Boolean Manipulation

Question

this code

#include <iostream> using namespace std; int main(){ bool t=false; cout<<t &&(!t)<<endl; return 0; }

shows me such an error

invalid operands of type "bool" and "" for binary 'Operator <<'

What's wrong? I can’t understand this, explain to me. I think && and ! defined in C ++.

So what's wrong?

+4

dato datuashvili Sep 19 '11 at 12:59

5 answers

Add parentheses to get operator precedence:

 cout << (t && !t) << endl;

Equivalent:

 cout << false << endl;

+6

Kerrek SB Sep 19 '11 at 13:01

&& has a lower priority than << , so the operator evaluates to (cout << t) && (!t << endl);

+3

visitor Sep 19 '11 at 13:03

You need more brackets:

 cout << (t && !t) << endl;

+2

The problem is with operator precedence, since && has a lower priority than << .

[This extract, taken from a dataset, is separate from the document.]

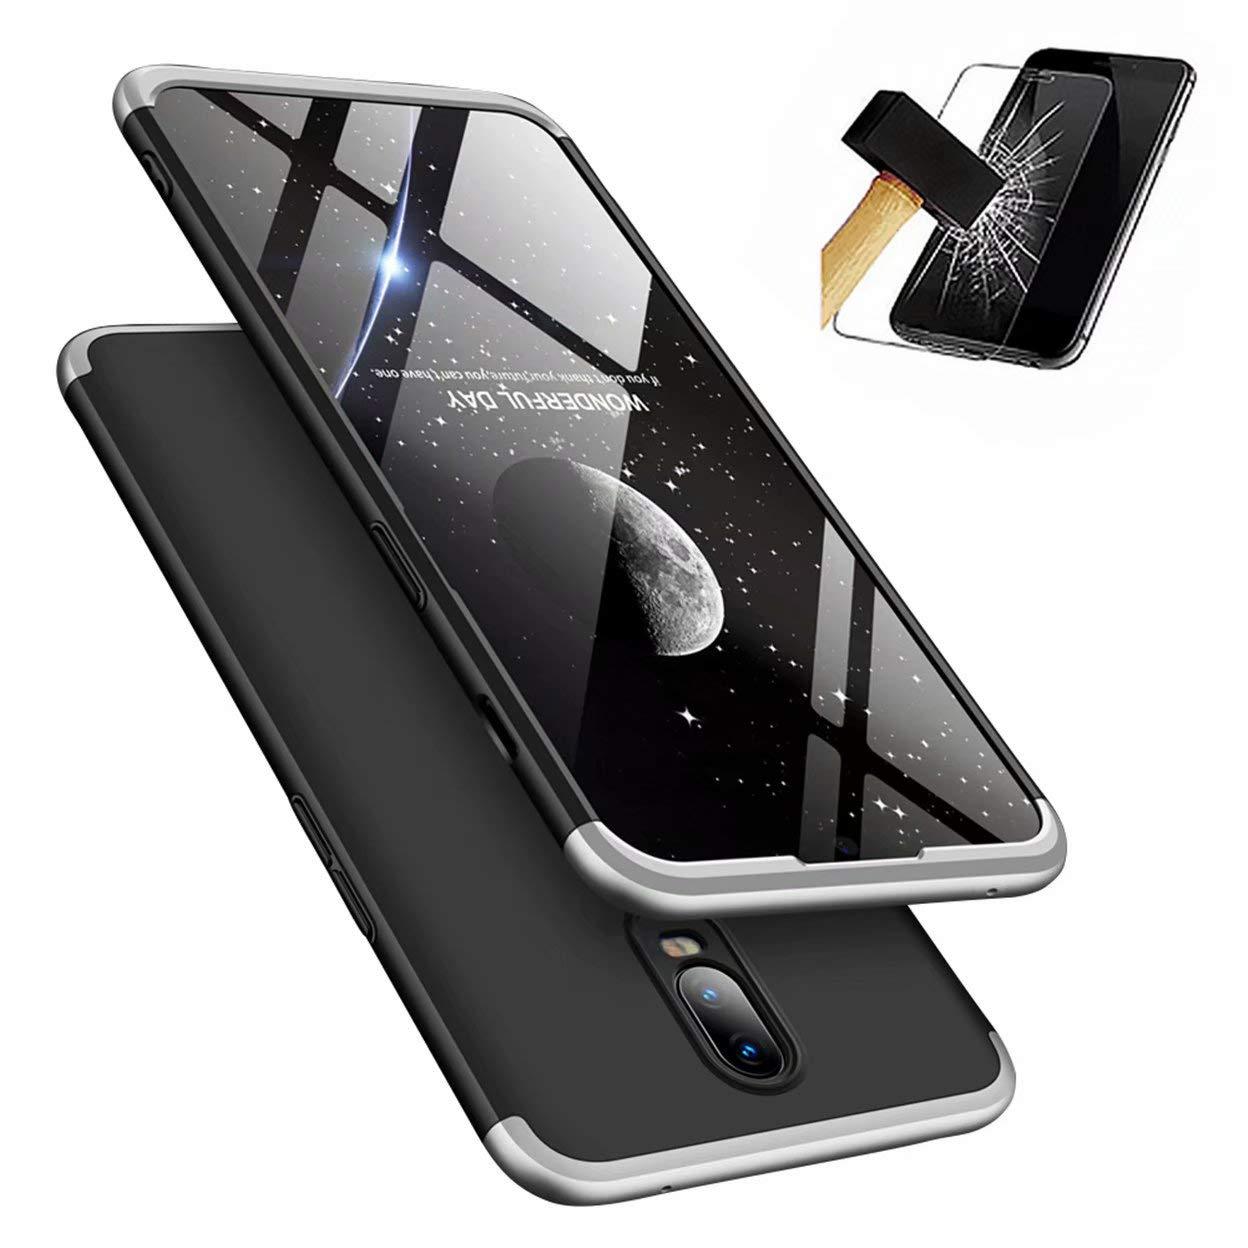 OnePlus 6Tケース、[スクリーンプロテクター] OnePlus 6T用超薄型バンパー付き1保護シェル付きLaixin 360°フルカバーPC 3(シルバー&ブラック)   B07L5Q6T5H

 cout<<(t && (!t))<<endl; // ok!

Also, for any bool t variable, the expression t && (!t) always leads to false , and t || (!t) t || (!t) always leads to true . :)

+2

iammilind Sep 19 '11 at 13:03

mydogisbox · Accepted Answer · 2011-09-19T13:02:53+0000

"invalid operands of types bool 'and' 'to binary' <<'"

This means that the second operator << trying to execute on (! T) and 'endl'.

<< takes precedence over && , so your cout statement is executed as follows:

(cout << t ) && ( (!t) << endl );

Add brackets to fix this:

cout << (t && (!t) ) << endl ;

Look here for the order of operations when statements are not evaluated as expected.